Holden's Objection 1: Friendliness is dangerous

PhilGoetz

13 Holden's Objection 1: Friendliness is dangerous

18th May 2012

7 min read

13

Nick_Beckstead asked me to link to posts I referred to in this comment. I should put up or shut up, so here's an attempt to give an organized overview of them.

Since I wrote these, LukeProg has begun tackling some related issues. He has accomplished the seemingly-impossible task of writing many long, substantive posts none of which I recall disagreeing with.
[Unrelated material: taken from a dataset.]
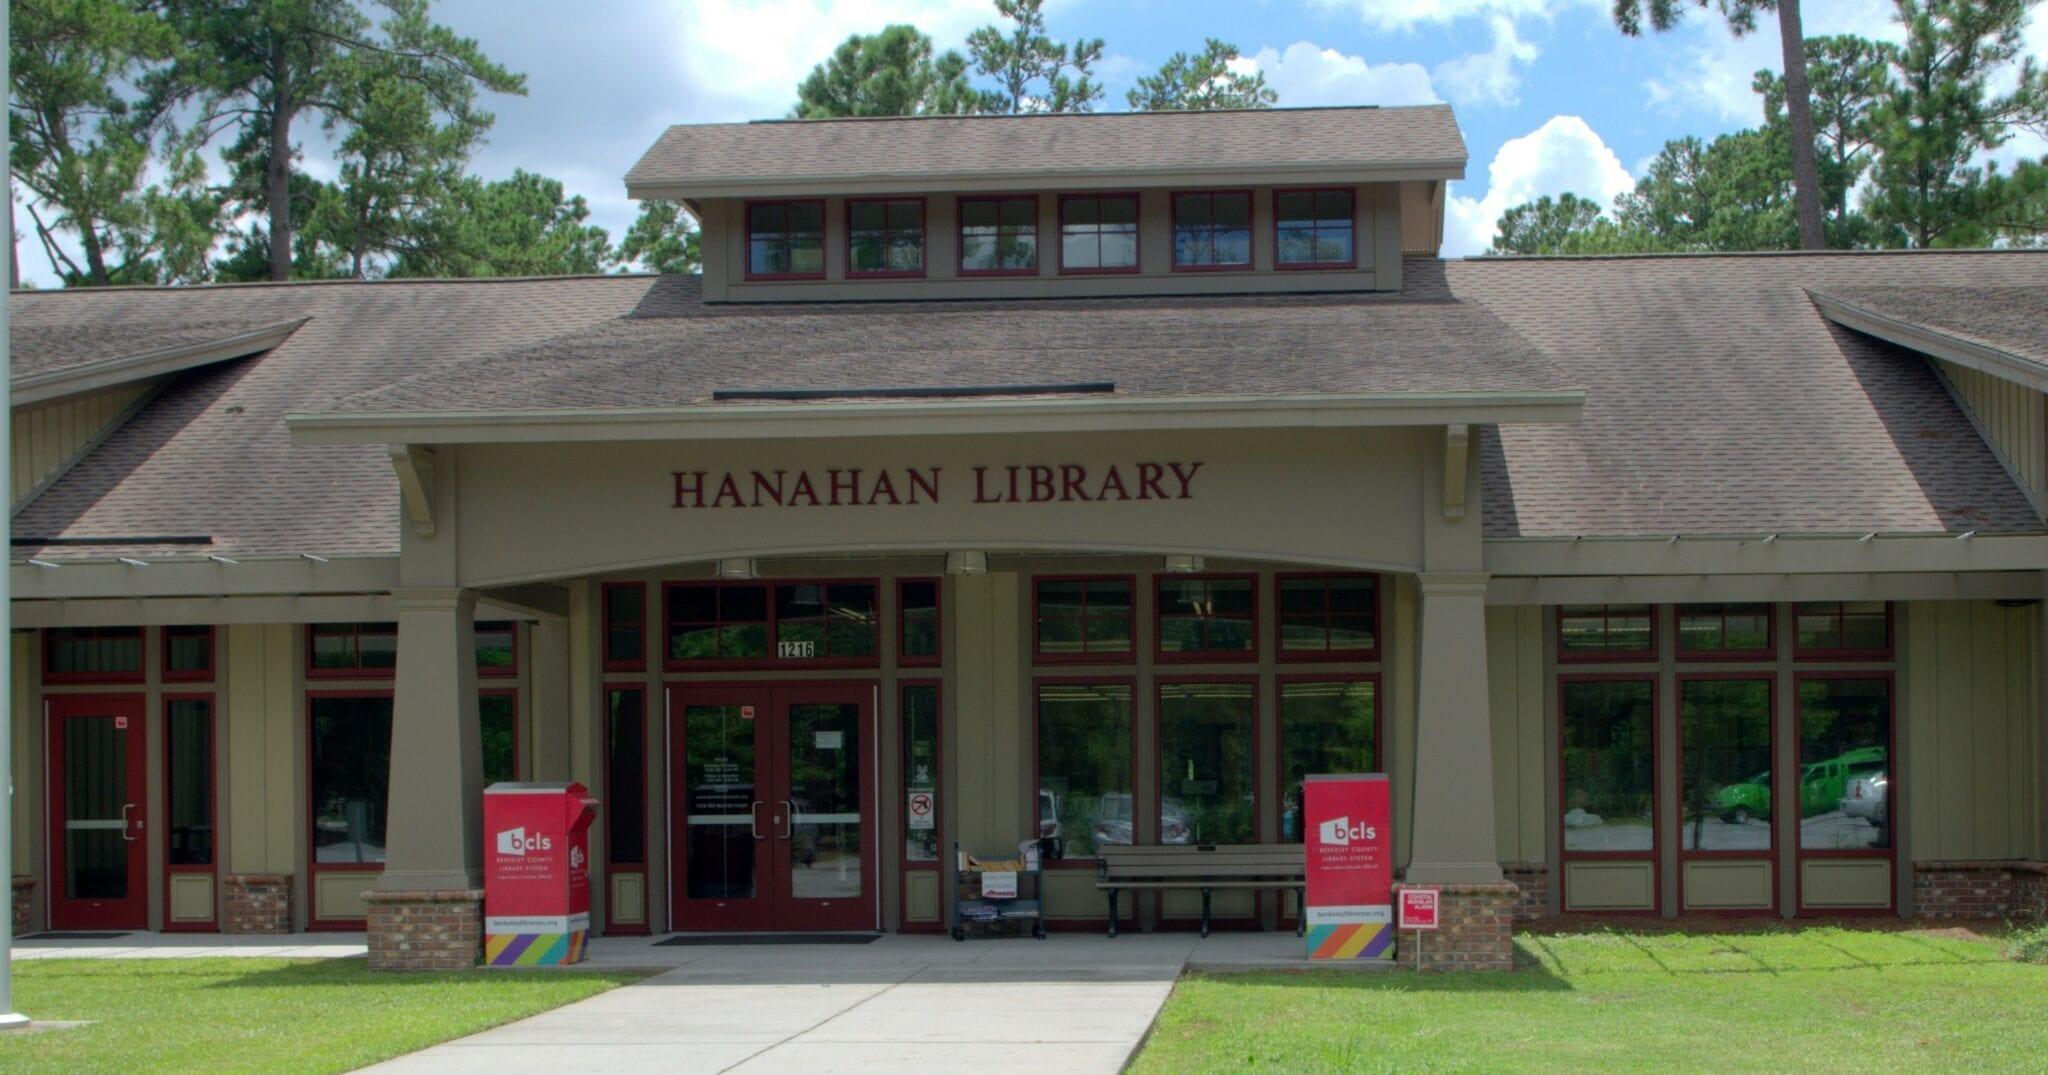 Hanahan Library

And I have, irrationally, not read most of his posts. So he may have dealt with more of these same issues.

I think that I only raised Holden's "objection 2" in comments, which I couldn't easily dig up; and in a critique of a book chapter, which I emailed to LukeProg and did not post to LessWrong. So I'm only going to talk about "Objection 1: It seems to me that any AGI that was set to maximize a "Friendly" utility function would be extraordinarily dangerous." I've arranged my previous posts and comments on this point into categories. (Much of what I've said on the topic has been in comments on LessWrong and Overcoming Bias, and in email lists including SL4, and isn't here.)
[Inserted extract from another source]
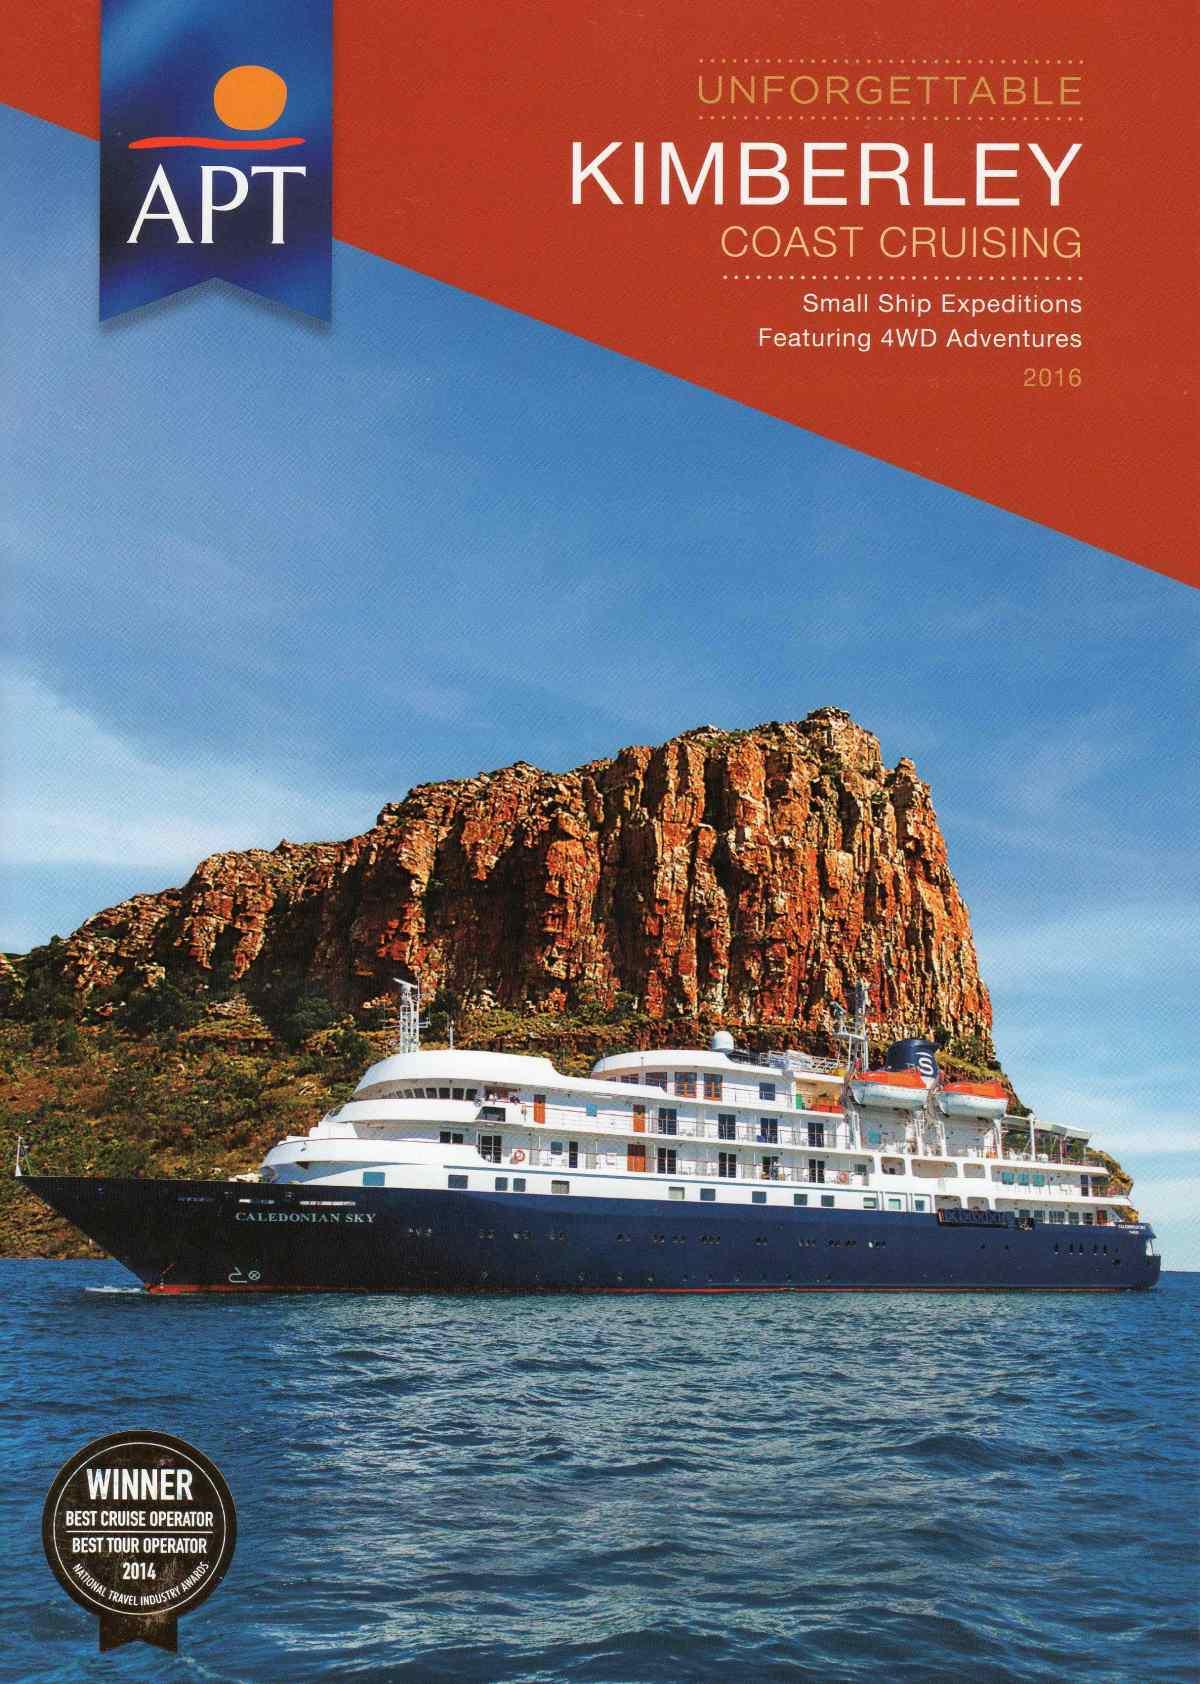 APT Kimberley Coast Cruising Brochure

The concept of "human values" cannot be defined in the way that FAI presupposes

Human errors, human values: Suppose all humans shared an identical set of values, preferences, and biases. We cannot retain human values without retaining human errors, because there is no principled distinction between them.

A comment on this post: There are at least three distinct levels of human values: The values an evolutionary agent holds that maximize their reproductive fitness, the values a society holds that maximizes its fitness, and the values a rational optimizer holds who has chosen to maximize social utility. They often conflict. Which of them are the real human values?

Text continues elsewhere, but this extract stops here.